Despite all of these security solutions and spending, it remains difficult to definitively answer a key question: “How secure is our organization?” Let alone, “Are we protected from [the latest] cyber-attack?” Here are some ways to start answering those questions.
Security Scoring
Whether internally developed or established by industry available tools, key performance indicators (KPIs) can be used to assess your cybersecurity posture across all security configurations and controls. KPIs are one way to answer the question of how secure an organization may be either as an absolute, based on its historical levels, or as compared to organizations of similar size, geographies, or business. Using KPIs can provide a relative assessment that can be considered reasonable. But simply being better than the average does not necessarily mean that your security is adequate for your level of risk.
Penetration Testing
To understand your real risk of an incident, you can engage a red team of ethical hackers to attempt to breach your security configurations, controls, and teams. These groups are experts in the latest tools, techniques, and tactics. They act like cybercriminals and attempt to breach your defenses, which is an excellent way to stress test every aspect of your security, including employee awareness. This approach helps you determine which defenses are strong and which are weak. A key limitation is that it is dependent on the expertise of the red team and it only occurs at a single point and defined scope of attack.
Breach Attack Simulation
Breach attack simulation (BAS) is similar to penetration testing. Like penetration testing, it attempts to assess the totality and effectiveness of your defenses, but it uses automation tools to seek entry, rather than human experts. BAS can be run regularly and broadly, rather than at a single point in time or scope. However, the attacks are more programmatic, so they may be less sophisticated or customized than penetration testing.
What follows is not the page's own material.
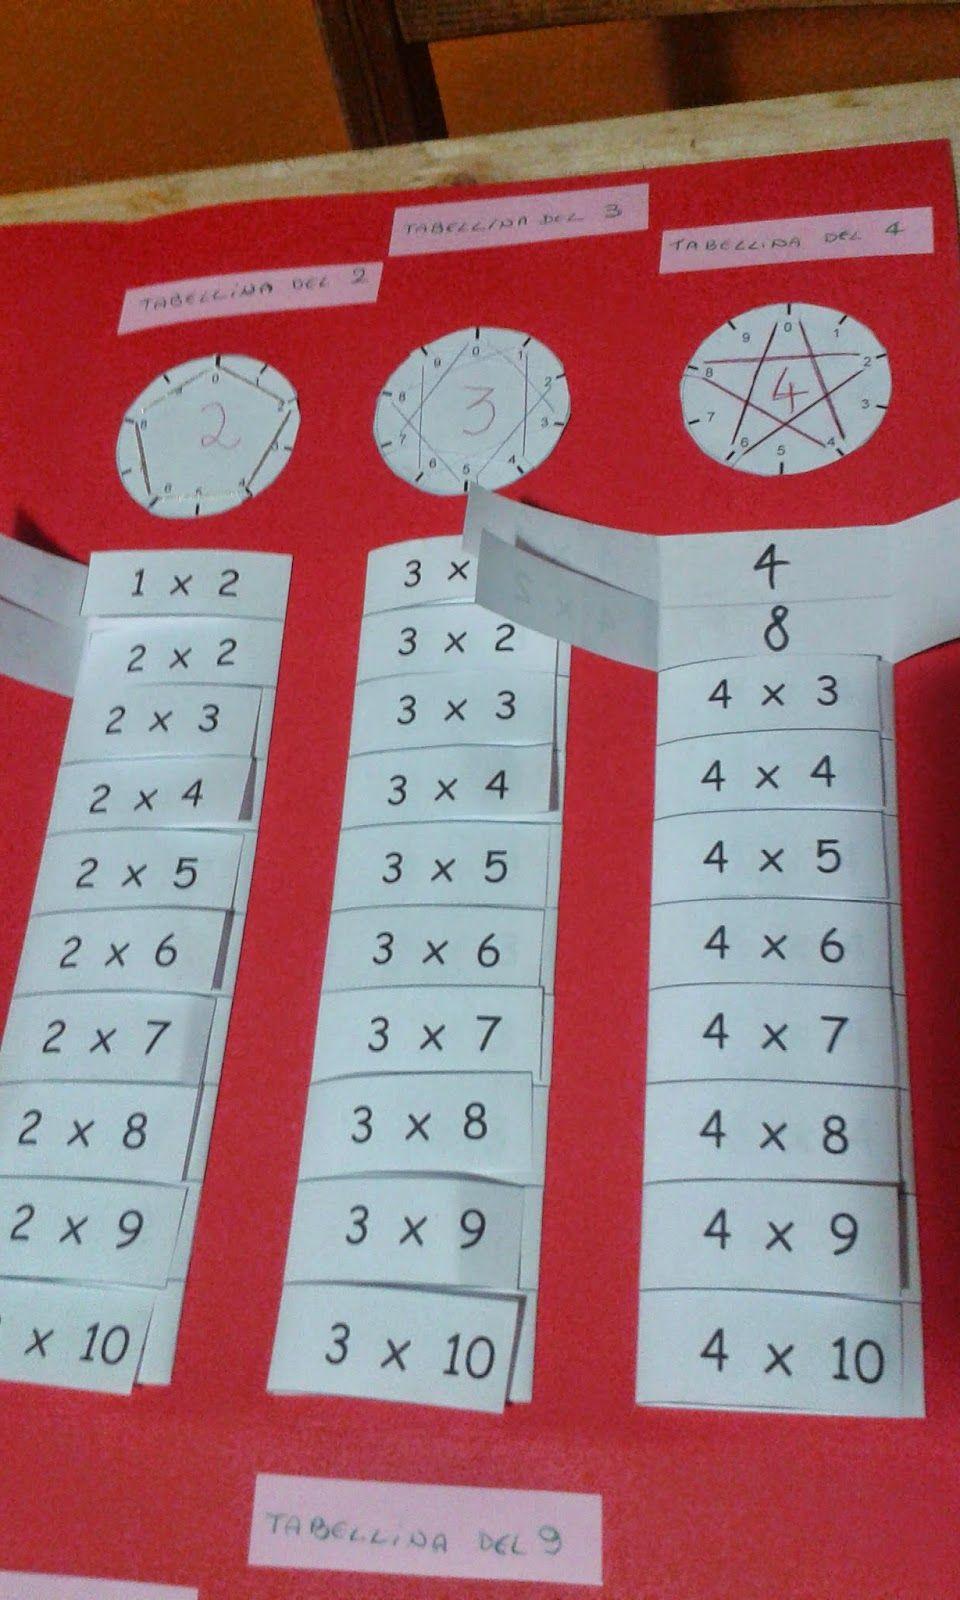 mamma e mimma: Lapbook delle tabelline | Matematika | Pinterest ...

Independent Cybersecurity Effectiveness Testing
In addition to the organization-specific assessment of overall cybersecurity, expert test labs run independent assessments of specific security tools. These assessments often benefit from a much larger sample set of attacks, since they are relevant to a broad set of organizations. And in many cases, they can provide comparative scoring for security tools of the same type. The common downside is that they operate in a lab, rather than the real world. The conditions may vary from those of your organization, particularly over time. The assessments also typically focus on just one type of control, such as network security, email security, or endpoint security. They rarely test combinations of controls.
At Secure Cyber Defense, we value the insights driven by the CIS Top 20 Controls evaluation. Prioritization is a key benefit to the CIS Controls. They are designed to help organizations define the weak points of their cyber defenses, direct their scarce resources on actions with an immediate and high-value payoff, and then focus their attention and resources on additional risk issues that are unique to their business or mission and where to plan for further investments. Secure Cyber Defense recently became CIS SecureSuite Members which provides us with additional tools for cybersecurity evaluation as well as tools our clients can utilize throughout their plan upgrades and assist in their future cybersecurity planning process.
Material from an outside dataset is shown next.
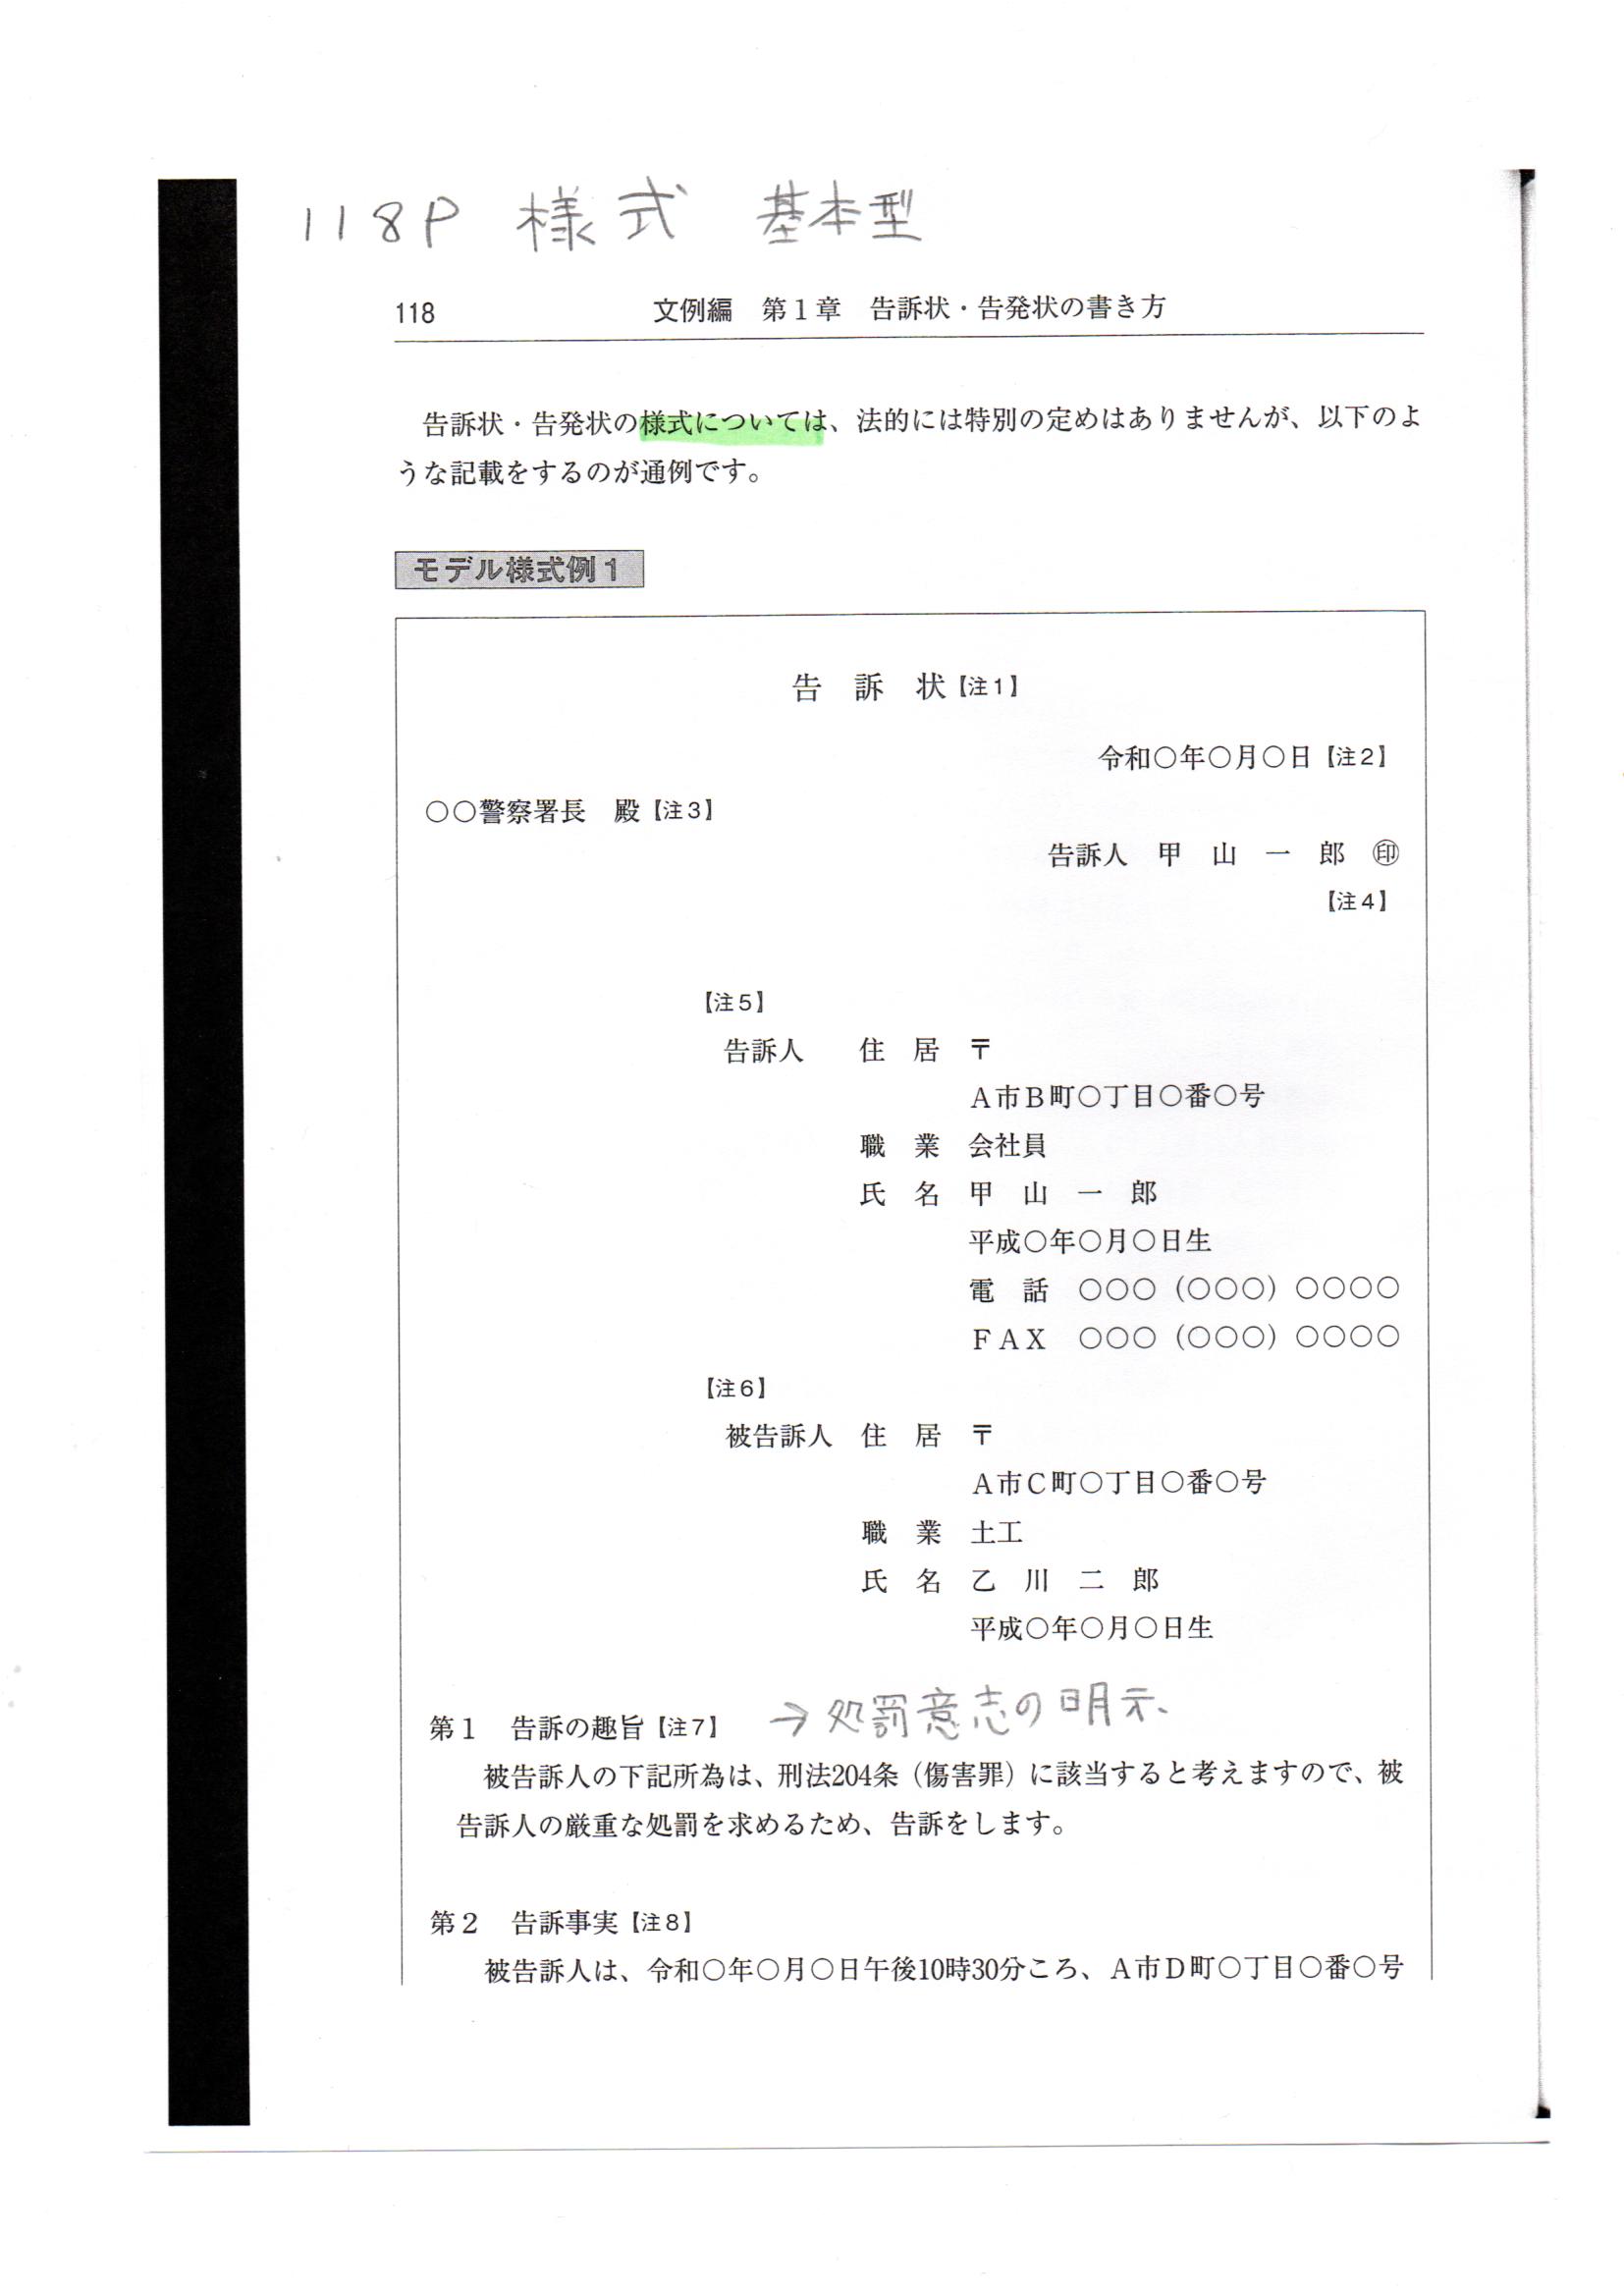 資料 告訴状の書式 #曽木徹也検事正 #中村孝検事正 #上冨敏伸検事正 ...

MITRE Engenuity ATT&CK Evaluations
MITRE Engenuity’s ATT&CK Evaluations are another useful tool. The evaluations test a range of security tools that are typically in the same category and expose them to a single or small number of sophisticated cybercriminal campaigns. These campaigns are comprised of a series of tactics and techniques that are designed to accomplish a defined cyber mission. The key benefits of this approach are:
- Enterprise security teams to see the inner workings of cybersecurity controls. They can understand not only what the solution detects but also why and how it performed. Seeing the process can give teams more confidence in the type of protection they have. The evaluation goes beyond a single attack, sample set, point in time, or control. Evaluation results also can be combined across controls for a more comprehensive view of coverage or exposure.
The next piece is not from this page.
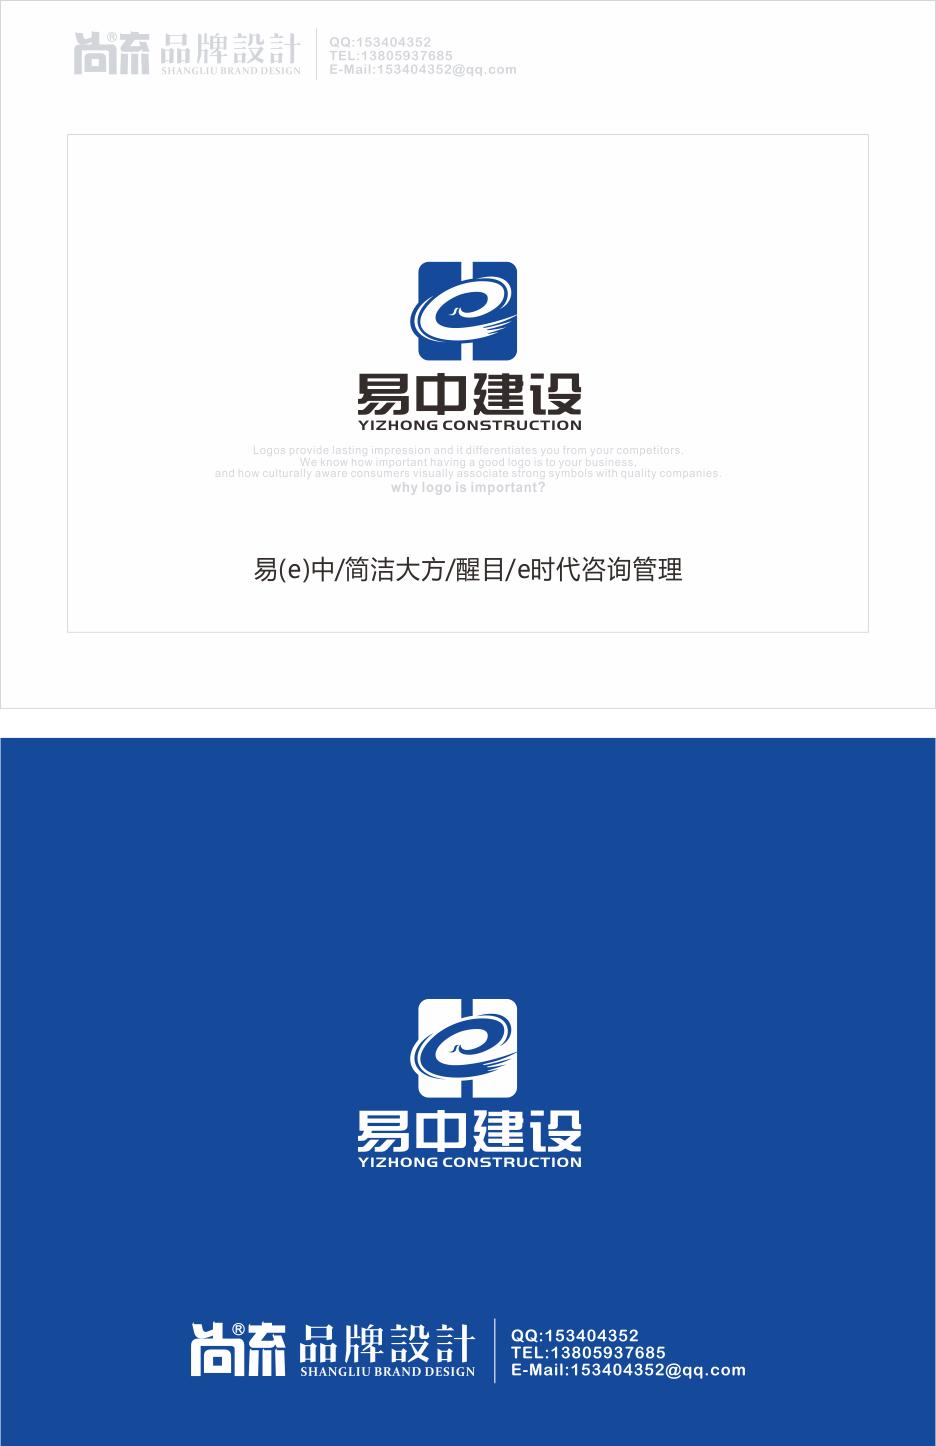 苏州易中建设咨询监理有限公司logo及名片设计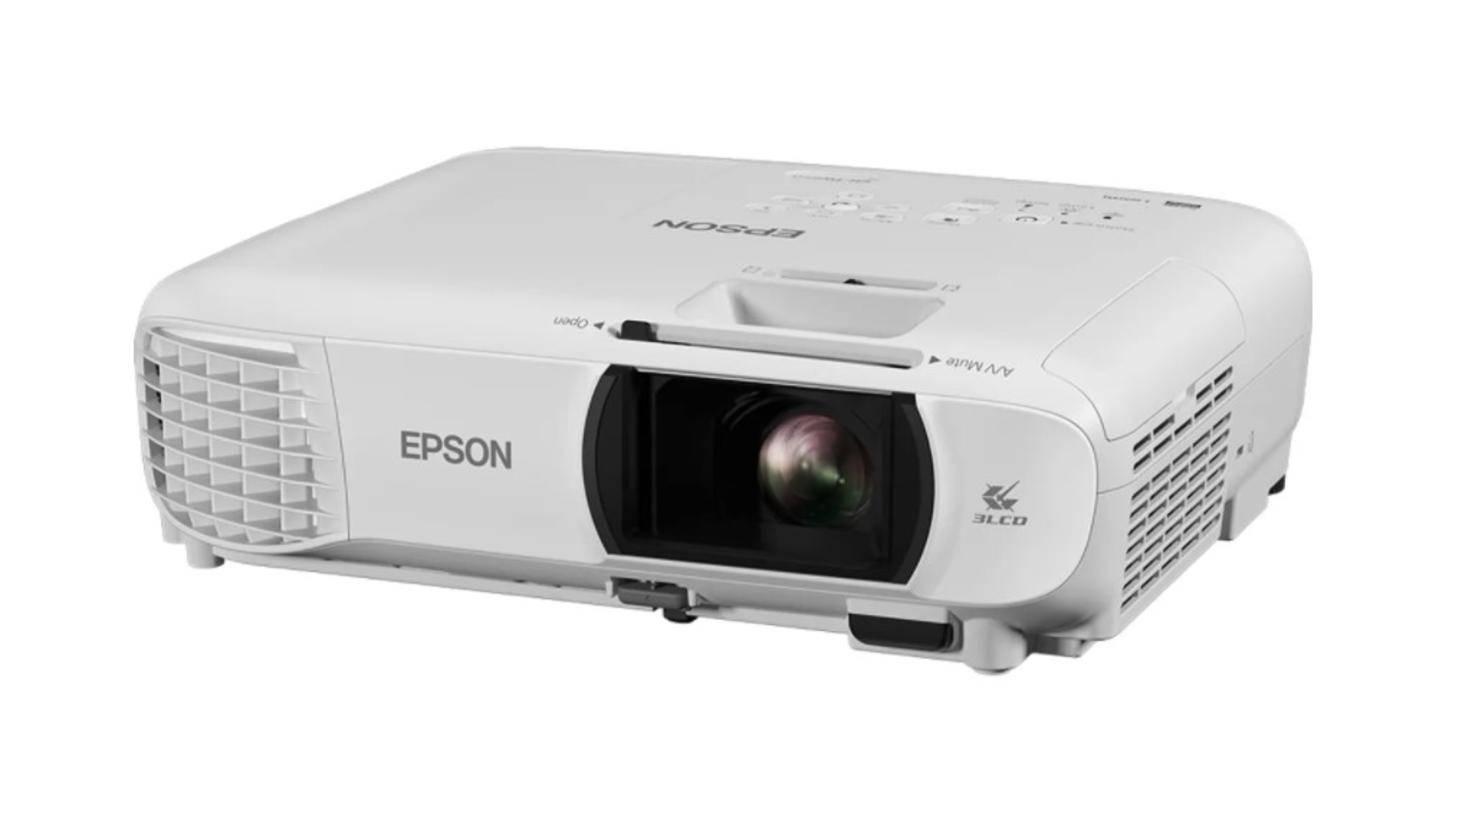 Epson-EH-TW610

- Security vendors get an independent assessment of their product’s capabilities through the lens of the cybercriminal and a real-world campaign. They also have a collaborative community that can help them continuously improving the capabilities of their security products.
The primary drawback is that tactics and techniques evolve over time and the evaluation results are constrained to the scope of the campaigns that are run. They also focus only on detection of the attack technique, with no ability to assess what else (including legitimate operation) might be flagged by the control.
Conclusion
Answering tough questions like “How secure are we?” or “Are we protected from [fill in the blank]?” requires considering a range of resources. If your objective is to do more than the average organization, security scoring is a great tool. If your objective is to push your security posture to higher levels, cybersecurity assessments, penetration testing, and/or breach attack simulation are great aids. For granular assessments of individual security controls at points of exceptional risk, independent effectiveness testing and configuration analysis can help. And for planning and implementing a rigorous and resilient defense based on capabilities across controls in aggregate, the MITRE ATT&CK Evaluation is a valuable tool. Finally, if you have questions that relate to a specific cyberattack or campaign, you should talk to your security vendor to get the answers you need.